Feature photo by Cumin, a Nepalese/Indian Restaurant on 1414 Milwaukee. I provide the website for basic information, but it lacks its most important use, the menu, among other useful references such as photos (check out their menu here). But to cut some slack, the place opened in May so the owners may still be placing more importance on the real-life experience.

The place is easily accessible by public trans (CTA Blue Line) or car, just a couple blocks south of North Ave. People have gladly forgotten the mortgage and loan office that inhabited this small building–trust me, naan, Indian beer and curry dishes appeal more than sign-your-life-away contracts and uneasy moments of angst as you hope a loan gets approved.

Small, but fashionably decorated, the pitch here is modern, yet authentic and cultural. Its slogan is “Modern Nepalese/Indian” and its name is simple, short and catchy–Cumin, a common spice in Indian Cuisine and a flowering plant native in the eastern Mediterranean and East India. It is actually among the world’s most popular spices, after black pepper, so we can assume the chef here uses it in a lot of the curries and dishes.

As mentioned, the building is tiny, but the decoration is chic. Red and black stylishly set the tone (a solid bright red wall covers one wall, while the black, granite-counter bar sets the contrast on the other). Cumin resembles a trendy sushi place with minimalist-style chairs, small, white-covered tables and fashionable low-back stools at the bar. The first impression, with couples sipping wine on the window-side tables, is that you’ll spend a good penny, but it’s not back-breaking. Entrees generally vary from $9 to $15, appetizers mostly under $5, wine glasses $7 (bottles $30+), and other dishes such as platters and seafood reaching the high teens and low twenties. If you want more bang for the buck, try the lunch buffet any day of the week.

Because of its size, it is a good idea to make a reservation, but I was seated right away in my walk-in experience during a weekday. Apart from smiles, they greet you with ice water, tasty papadum chips and three chutney preparations: mint cilantro, tamarind and sweet mango. My favorite was the mint cilantro, a mix also containing onion, tomato, bell peppers, ginger garlic, jalapeño and chaat masala. However, this was never refilled, and I consumed it quickly.

In spite of that, the service at Cumin is great. Just like the first month of dating, Cumin is courting customers by dashing them with smiles, armies of waiters, constant water refills and how-are-you questions. I hope Cumin does not turn into a “pimp” restaurant in WP, taking for granted its once appreciated customers. Advice to Cumin: there are other Indian restaurants, some BYOB, so make the service a staple!

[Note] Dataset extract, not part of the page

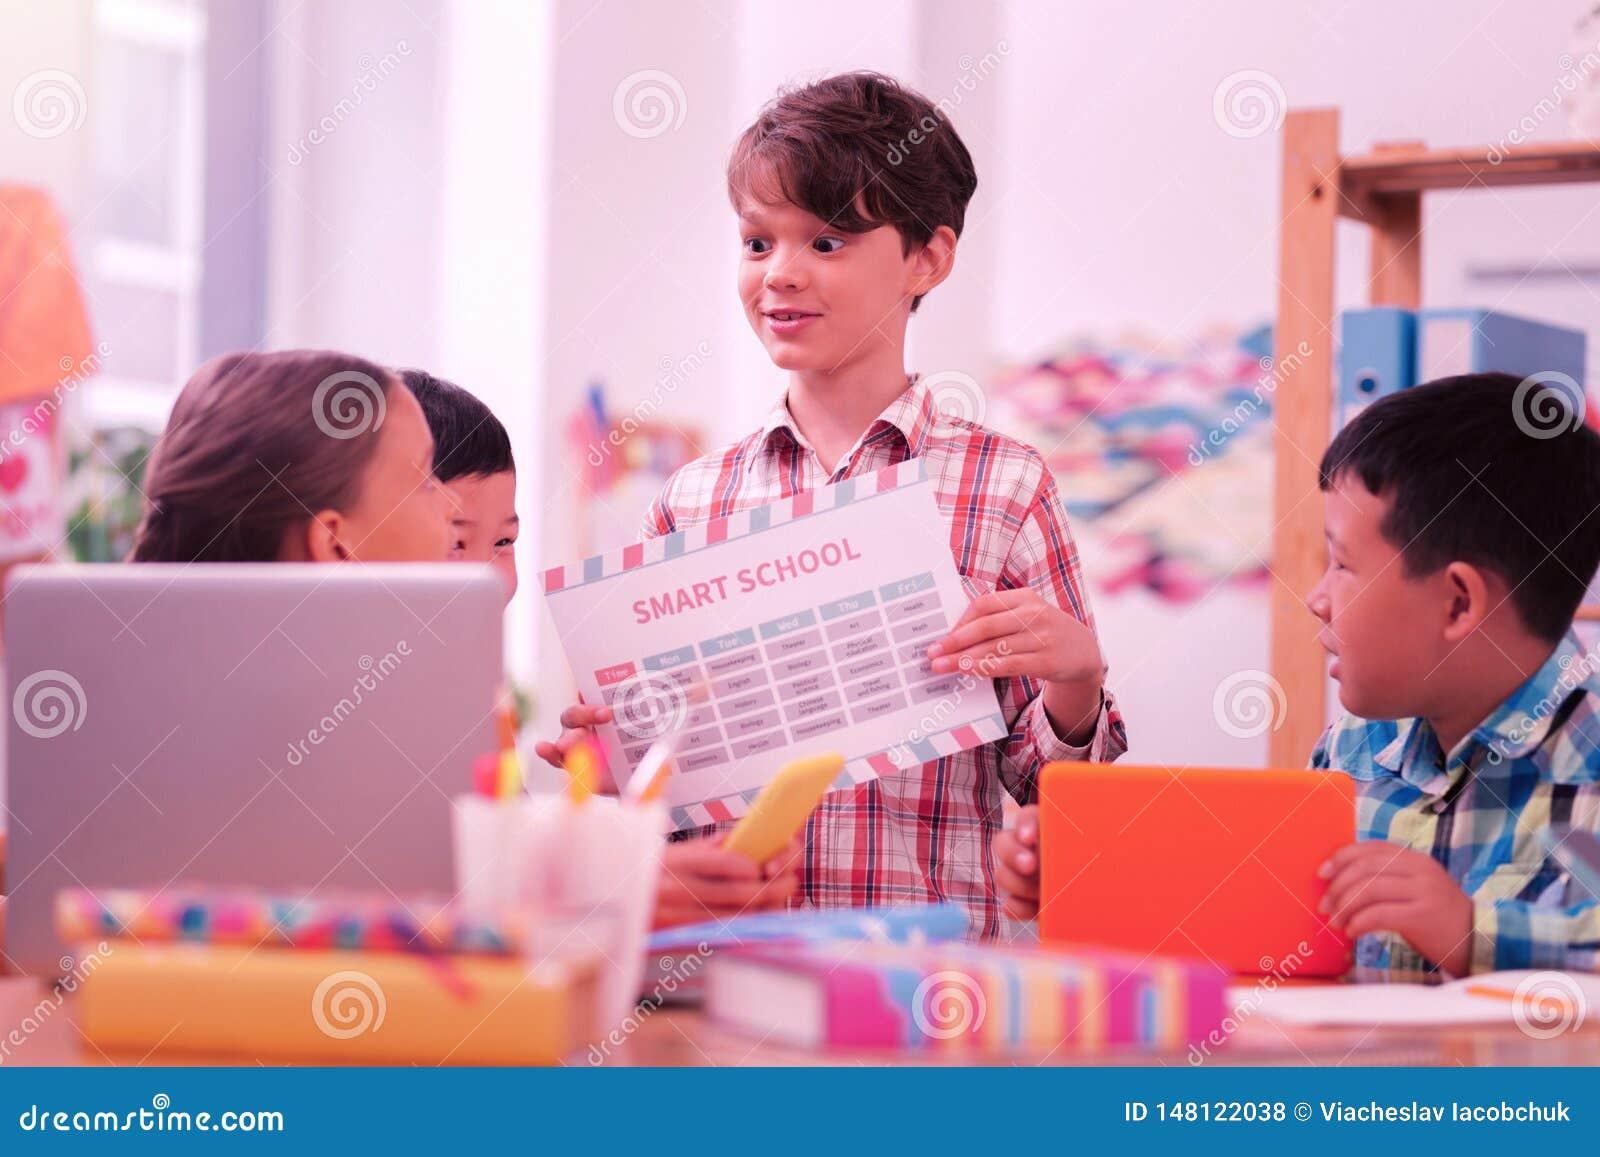 Leerling van een slimme school die zijn tijdschema houden

To start I ordered the vegetable samosa (2), described “as potatoes and peas in a mild fragrant spice blend”. The outer crunch was perfectly contrasted with the inner mush. Unfamiliar with Indian beer, I ordered a Kingfisher lager, the largest selling beer brand overall in the Indian market. The light, refreshing and crispy flavor quenched my thirst well.

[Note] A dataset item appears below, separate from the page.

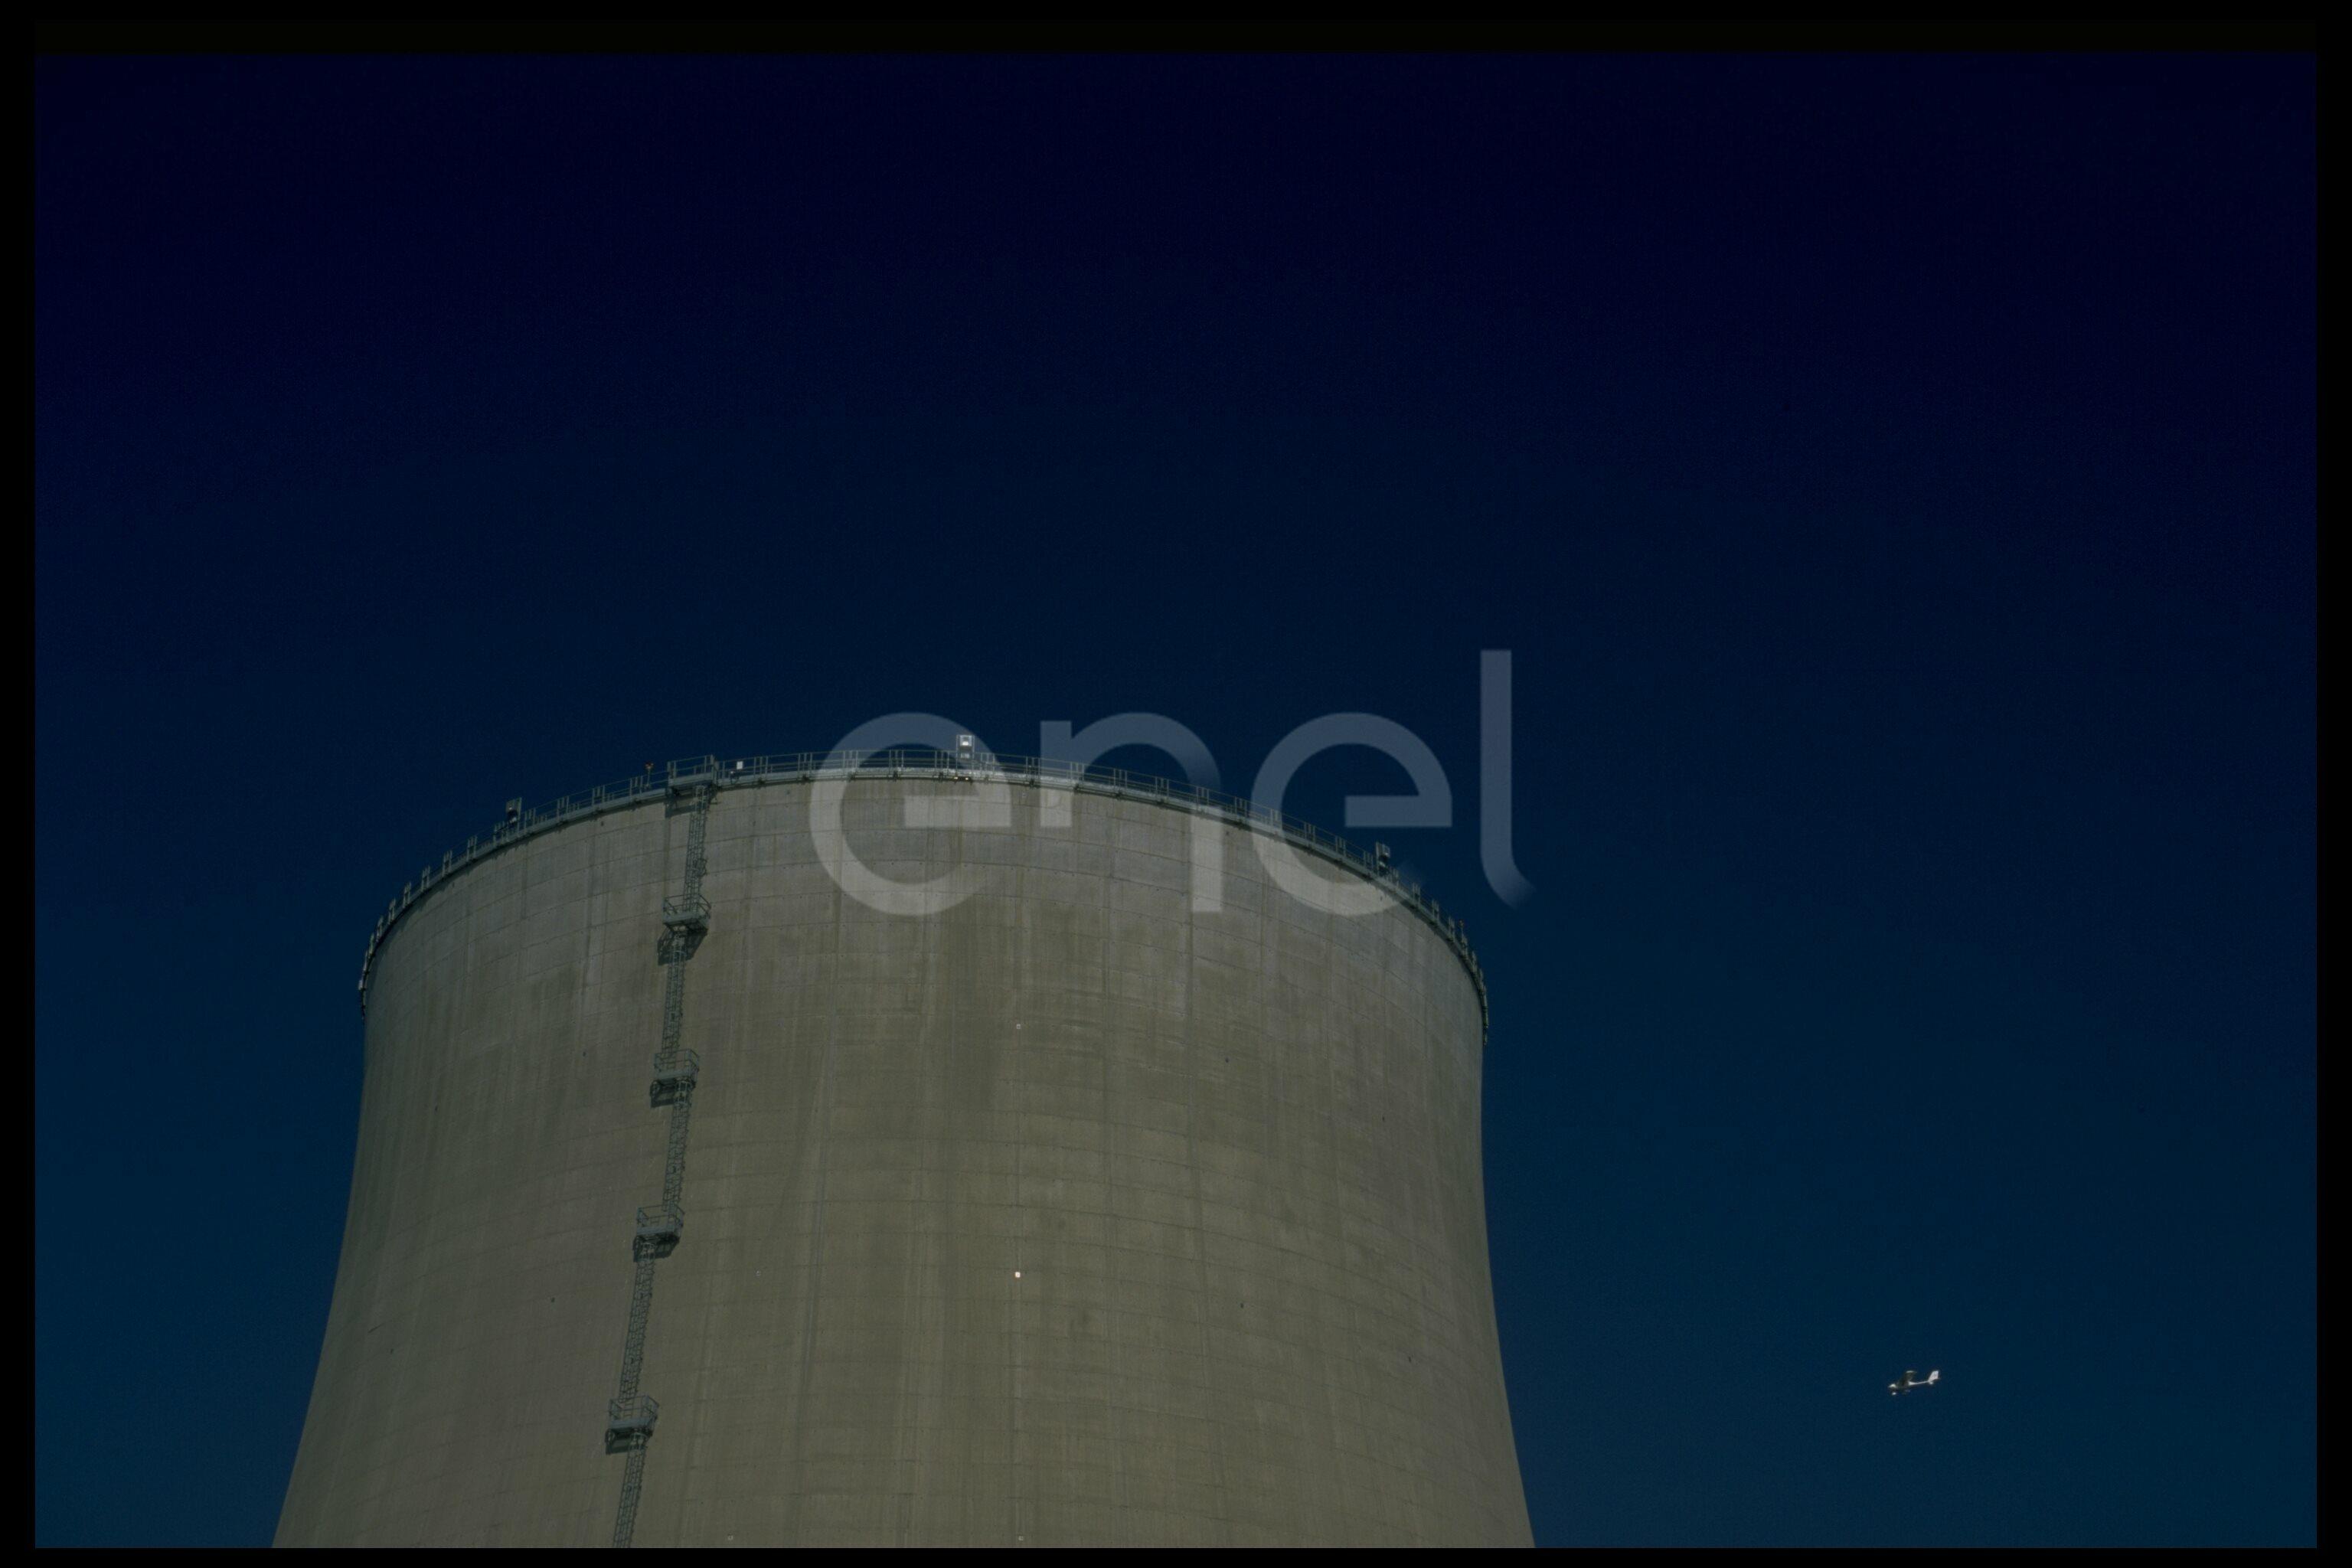 Torre di raffreddamento e aereo

For dinner I sampled the Chicken Tikka Masala and Lamb Sahi Korma, with an order of garlic naan (oven-baked flat bread). The entree came with basmati royale long grain rice, which is ideally paired with the curry. The chicken plate, an Indian classic, was boneless white meat marinated in spices and served in creamy tomato sauce. The boneless lamb tasted mildly spicy and was served in creamy almond-cashew curry sauce. The menu will not disappoint–its many pages, though mostly Indian (not Nepalese), hosts a variety of meats and preparations, such as pakora, soups, salads, chaat, vegetable concoctions, seafood (shrimp and fish), rice mixes, biryanis, traditional desserts and a decent wine list, along with a full bar.

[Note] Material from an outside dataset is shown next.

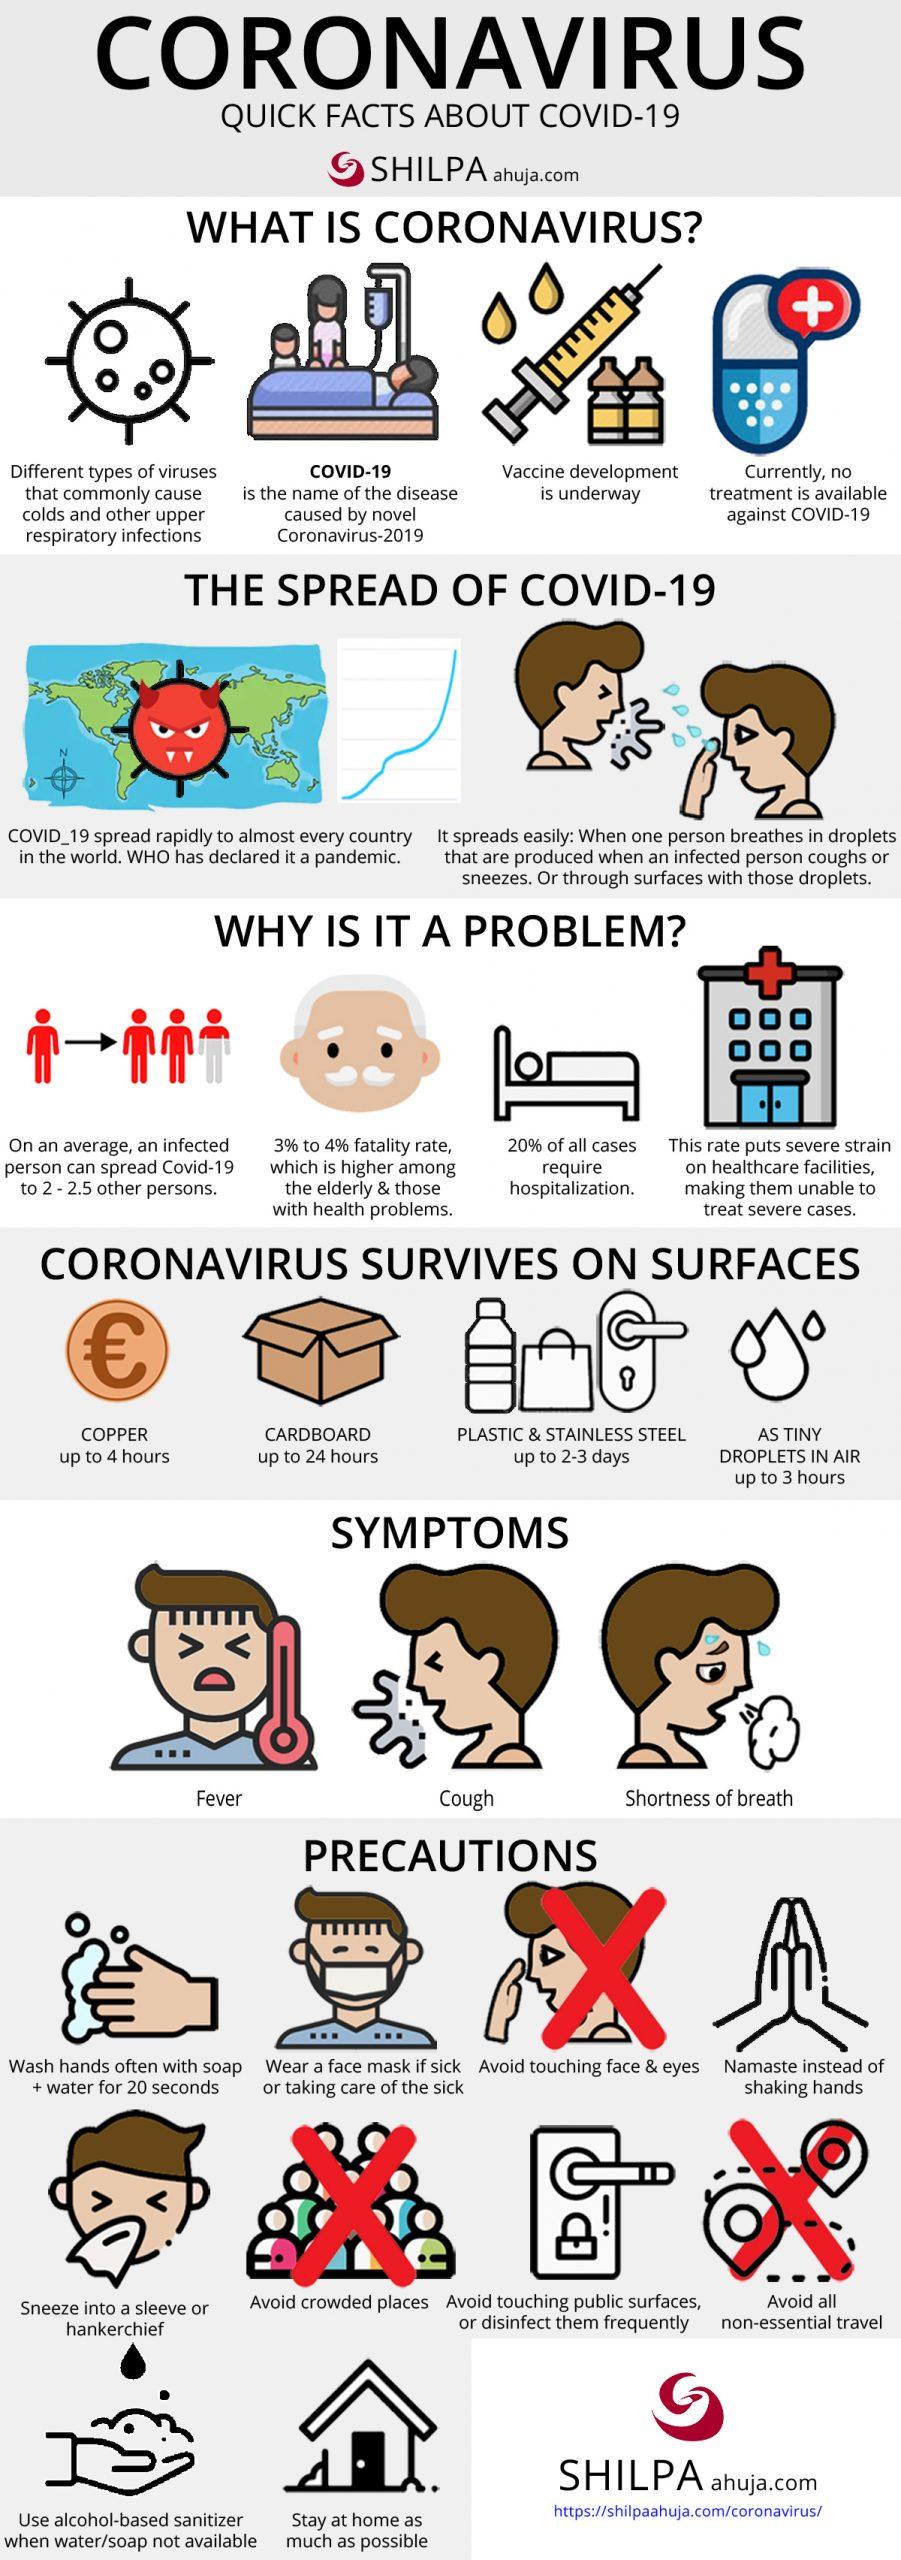 Coronavirus Disease: COVID-19

The only problem I found with the dining experience was the small size of the tables (which is a result of the small physical area of the restaurant). After the introductory chips, chutneys, water and beer, it became increasingly difficult to also fit the samosa, rice, flat bread, main dishes and the eating plates. A fork eventually slipped off as I tried to make room for a new dish.

Cumin is a wonderful addition to a neighborhood lacking in Indian restaurants. Once satisfied and filled, I ordered the rest of my food (reasonably good portions of meat) to go, and dreamily gazed at the many paintings adorning the red-splashed wall–sights of goats, country life, snow-drenched mountain tops and hill-side homes, all displaying a mythical depiction of Indian country life, completely ignoring the increasingly urban reality of many of its citizens. In Chicago however, this is promising urban fixture in Wicker Park.